= Dance Notation Bureau =

The Dance Notation Bureau (DNB) is a non-profit organization founded to preserve choreographic works through notating dance scores in Labanotation and collaborating with dance companies to stage reconstructions of those works.
Based in New York City, DNB was founded by Helen Priest Rogers, Eve Gentry, Janey Price, and Ann Hutchinson in 1940. It has significant holdings of videotapes, photographs, programs, and production information. Its mission is to advance the art of dance through the use of a system of notation called Labanotation. This allows the dances to continue to be performed long after the lifetime of the artist.

In August 2007 it recommenced active work on the notation of dance works following a hiatus since October 2005. The DNB is both privately and publicly funded, including the National Endowment for the Arts and the New York State Council on the Arts and has a $500,000 endowment.

DNB assists about 150 performances each year, including 20 under license from the choreographer or their heirs.

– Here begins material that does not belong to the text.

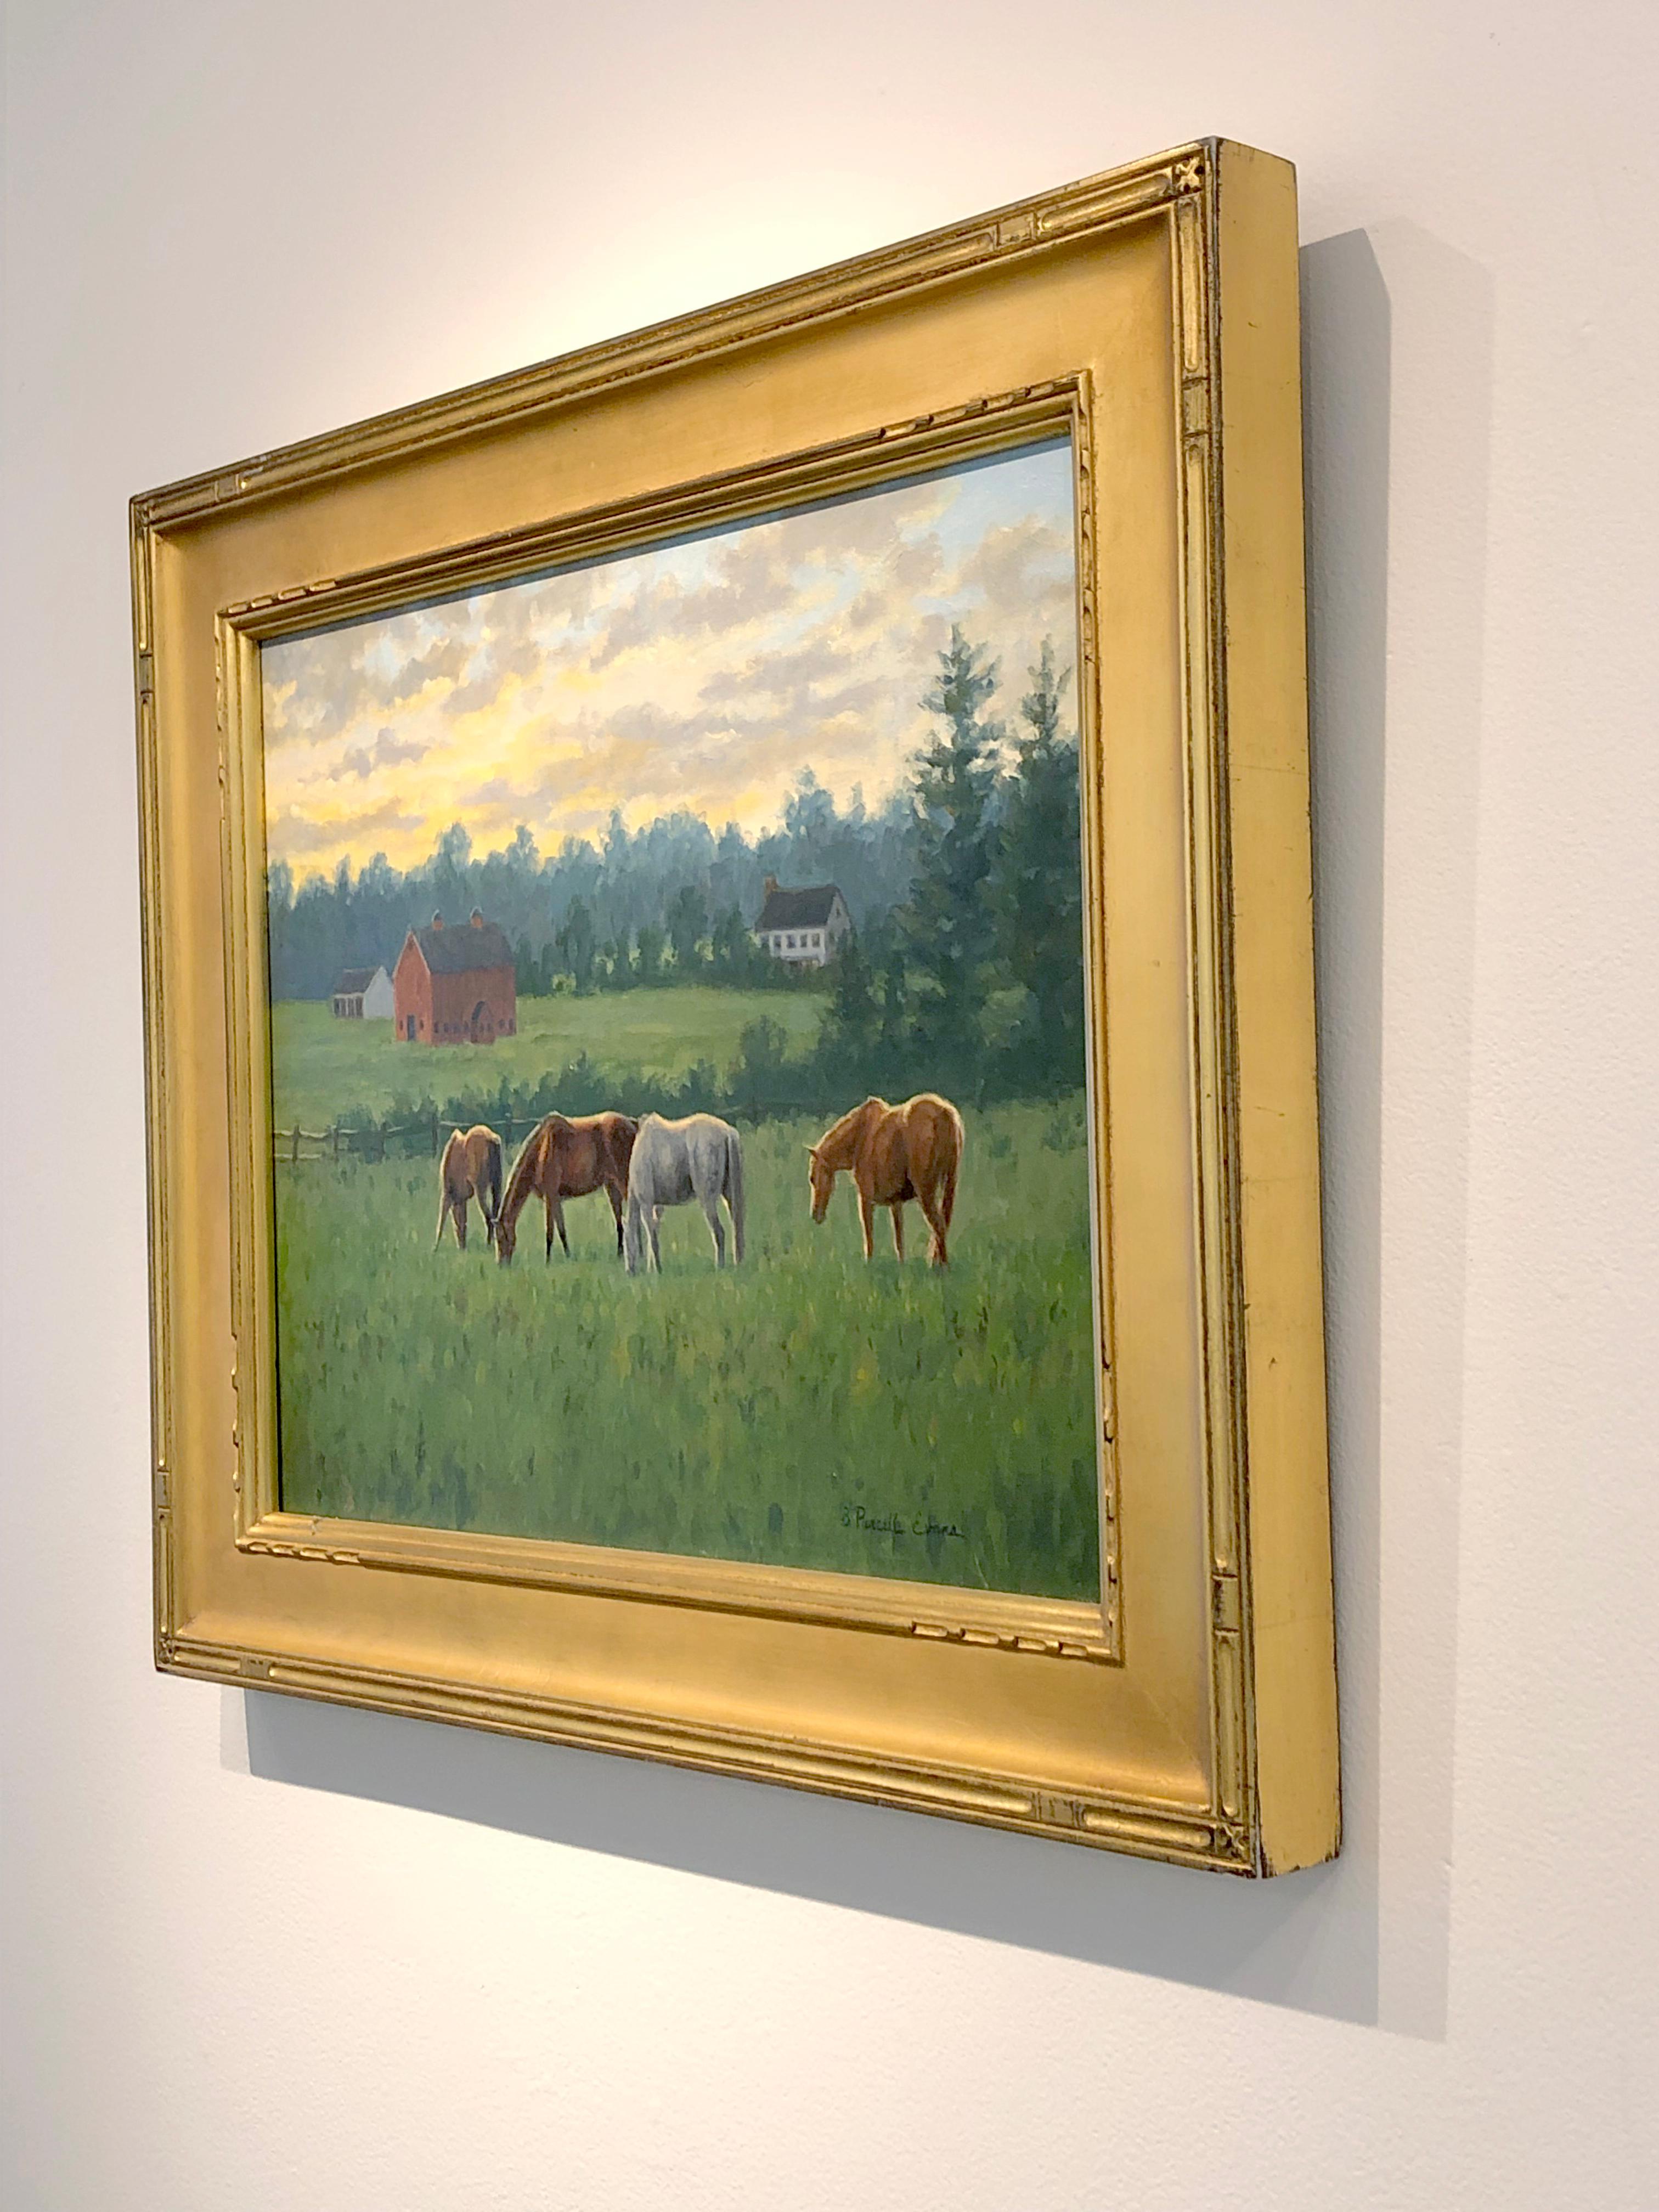 Peinture à l'huile « Peaceful Evening » de Beth Parcell, paysage de ferme à chevaux d'équitation, 16 x 20 cm - Réalisme Painting par Beth Parcell

The DNB's Extension for Education and Research is at the Ohio State University.

==Online Resources==
The DNB released an online catalog of its Notated Theatrical Dances Collection, including works by George Balanchine, Paul Taylor, Antony Tudor, Bill T. Jones, Doris Humphrey, William Forsythe, José Limón and Laura Dean. In addition, the DNB is digitizing its Moving Images Collection as the supplement to the Notated Theatrical Dances Catalog. These clips are available at YouTube site.